We think nothing of a bestseller book list being dominated by white authors – but, the Guardian poses, could we ever see a bestseller list be filled entirely by black authors?

The #BlackoutBestsellerList campaign, encouraging readers to buy books by black authors, underlines the disparity in the number of published black authors compared to white writers.

“Buying books by black authors does matter in encouraging publishers to publish more books by black authors” 

American writer Roxanne Gay

Kosoko Jackson, writer of the upcoming novel Yesterday is History, suggested that publishers “look more critically at sales of black authors”.

“They say, ‘Oh, we took a chance on one black author four years ago, and they didn’t perform well, so we can’t take a chance again’,” he told the Guardian.

When he submitted a manuscript to publishers, Jackson said he repeatedly heard that the draft was “not relatable”.

“What is ‘relatable’ to a room of white gatekeepers?” he asked.

The message is clear from Jackson and others to publishers: ensure there is diversity in your organisation. And give back authors equal time and budget when it comes to marketing their work.

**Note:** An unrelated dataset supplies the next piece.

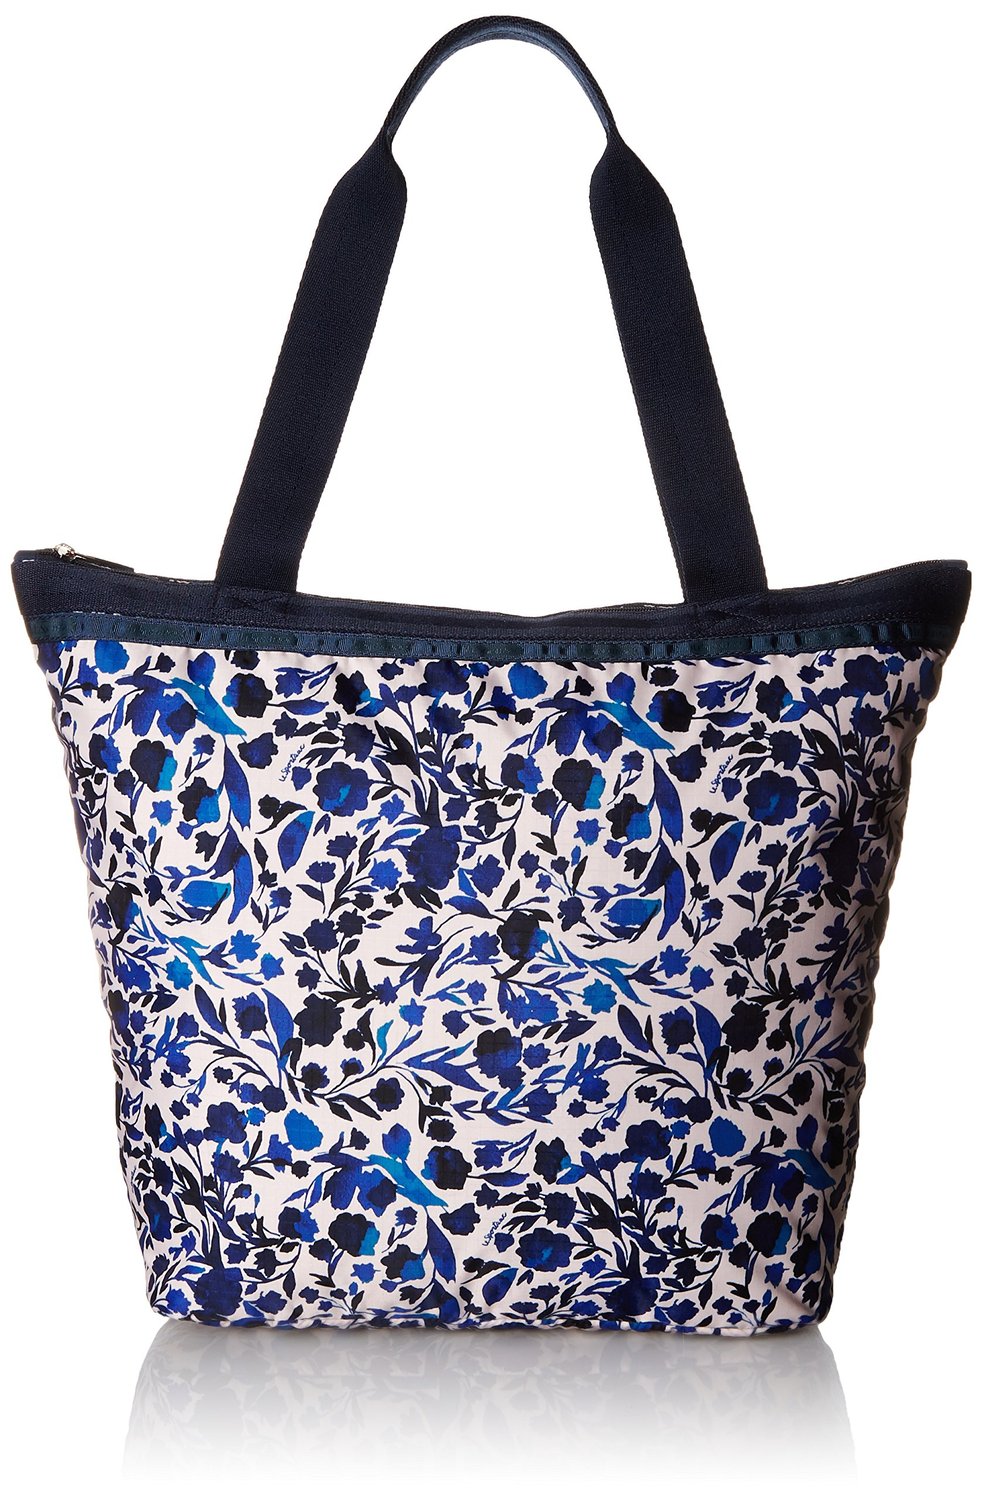 LeSportsac Hailey Tote – Luggage Online

black woman writing in a cafe

Fuelling a book-driven empathy movement

While the BLM movement has fuelled a new interest in books by black authors, it’s on publishers to ensure this endures. We can’t go back to how things were before, with black voices going unheard. We’re at a pivotal moment, and mustn’t fail to seize it.

The EmpathyLab suggests that the publishing industry should put a focus on empathy as a way of bringing about social change. As Barack Obama says, “empathy is a quality of character that can change the world.”

EmpathyLab builds children’s empathy and social activism through a more conscious, systematic use of books, pointing out that the quality is a “learnable skill”. Science shows that books can play a direct role in building empathy skills – but it needs to be put at the front and centre of publishers’ strategies, argues EmpathyLab’s founder Miranda McKearney.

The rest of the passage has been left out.